Cameron Bancroft: The day he’ll never forget

We’ll always remember March 24 2018, to paraphrase a line from the classic song American Pie, as the day cricket died.

Not literally of course. A sport this great would need more damage done to it than three over-zealous, unscrupulous and cynical Australian cricketers to kill it.  But there’s no doubt that it was the worst incident to rock it since the Pakistan spot-fixing scandal of 2010 when another shamed trio did what they did for financial reward, rather than trying to find an edge to win a Test match. Not that one is necessarily any worse than the other.

Of the three who did the deed that day in Cape Town – captain Steve Smith, vice-captain David Warner and opening batsman Cameron Bancroft – the latter got the most lenient suspension. In light of the circumstances, that was hardly surprising. The other two were senior players, in the two leadership positions no less.

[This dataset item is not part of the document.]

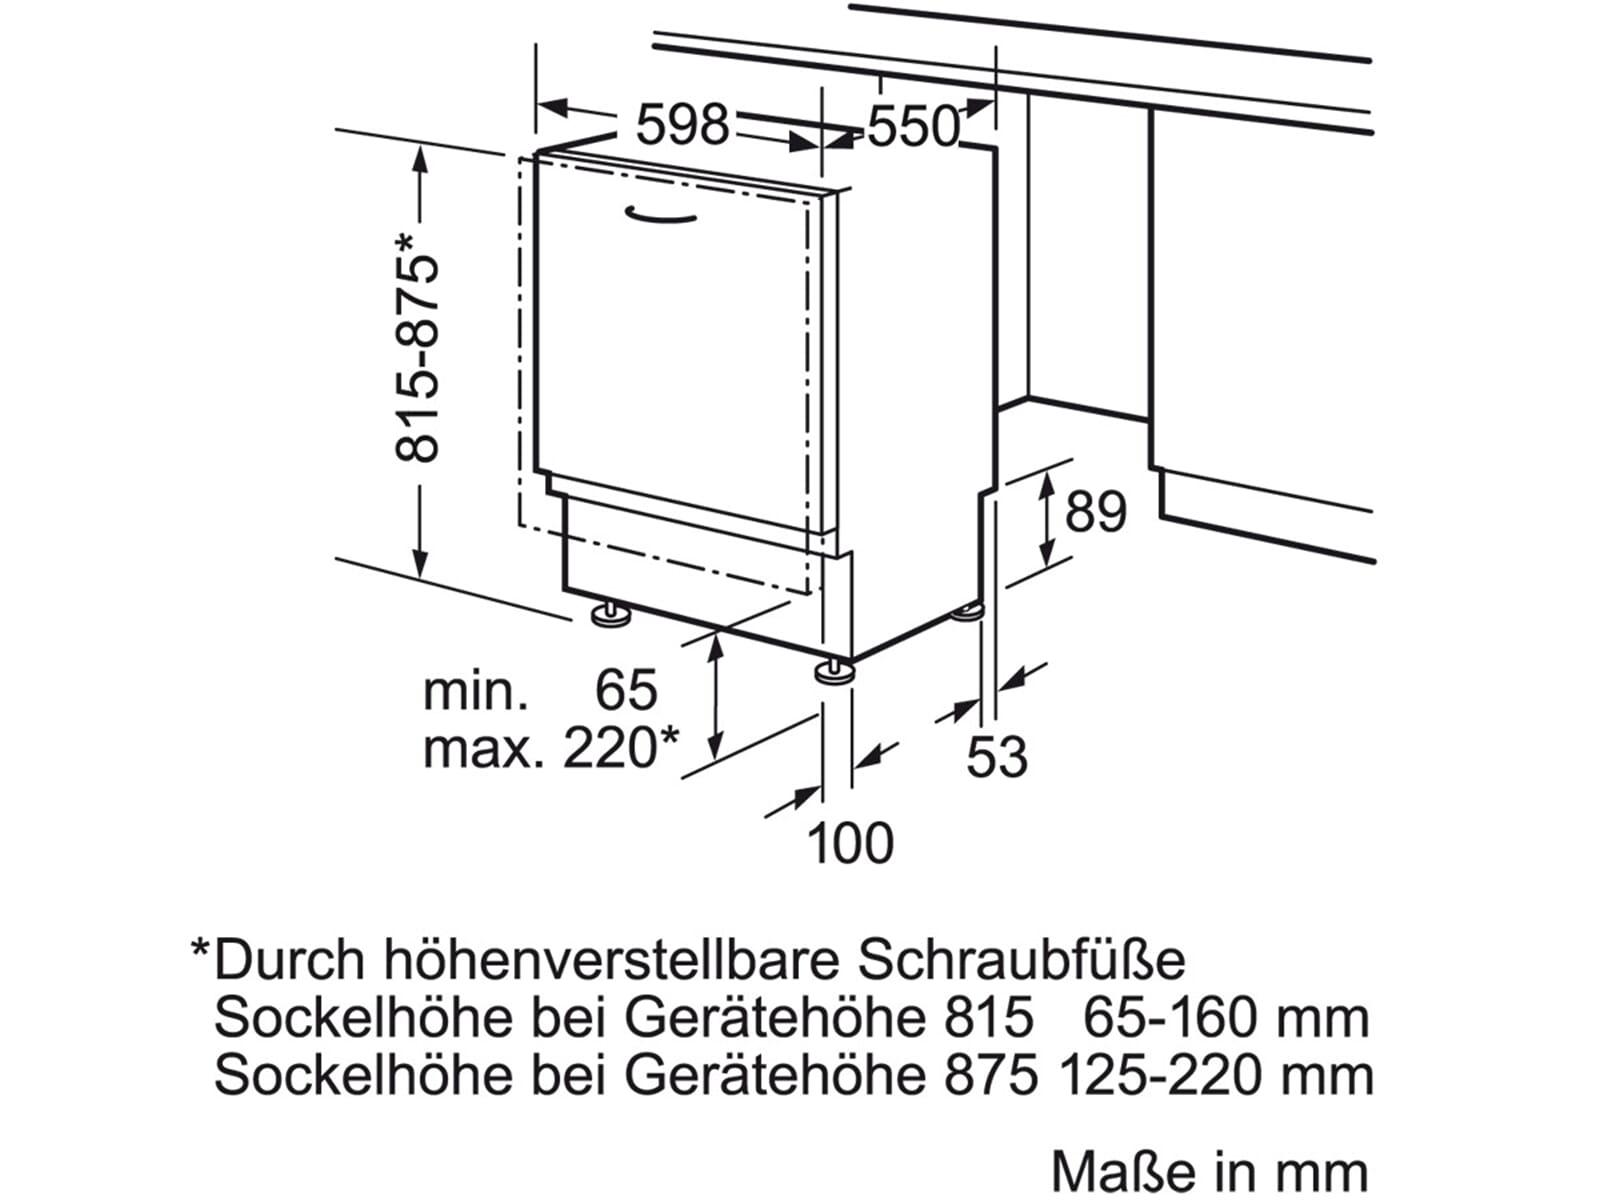 bosch sme68tx06e vollintegrierbarer einbaugeschirrsp ler ebay. Black Bedroom Furniture Sets. Home Design Ideas

Warner seems to have been instigator and chief plotter, Smith the man who could have aborted the plan and chose not to, Cameron Bancroft the executioner who by his own later admission, was trying to contribute and please his senior colleagues. The first two got a one year ban, Bancroft nine months.

 

Bancroft on the comeback trail

 

In those nine months Cameron Bancroft did a lot of thinking, probably almost the same amount of crying, learned to become a Yoga instructor and almost gave up cricket.

If his recent form for the Perth Scorchers in the Big Bash is anything to go by, it’s a good thing he didn’t. On the 30th December 2018 he played his first competitive match since that ill-fated day and scored just two. He was just glad to be back.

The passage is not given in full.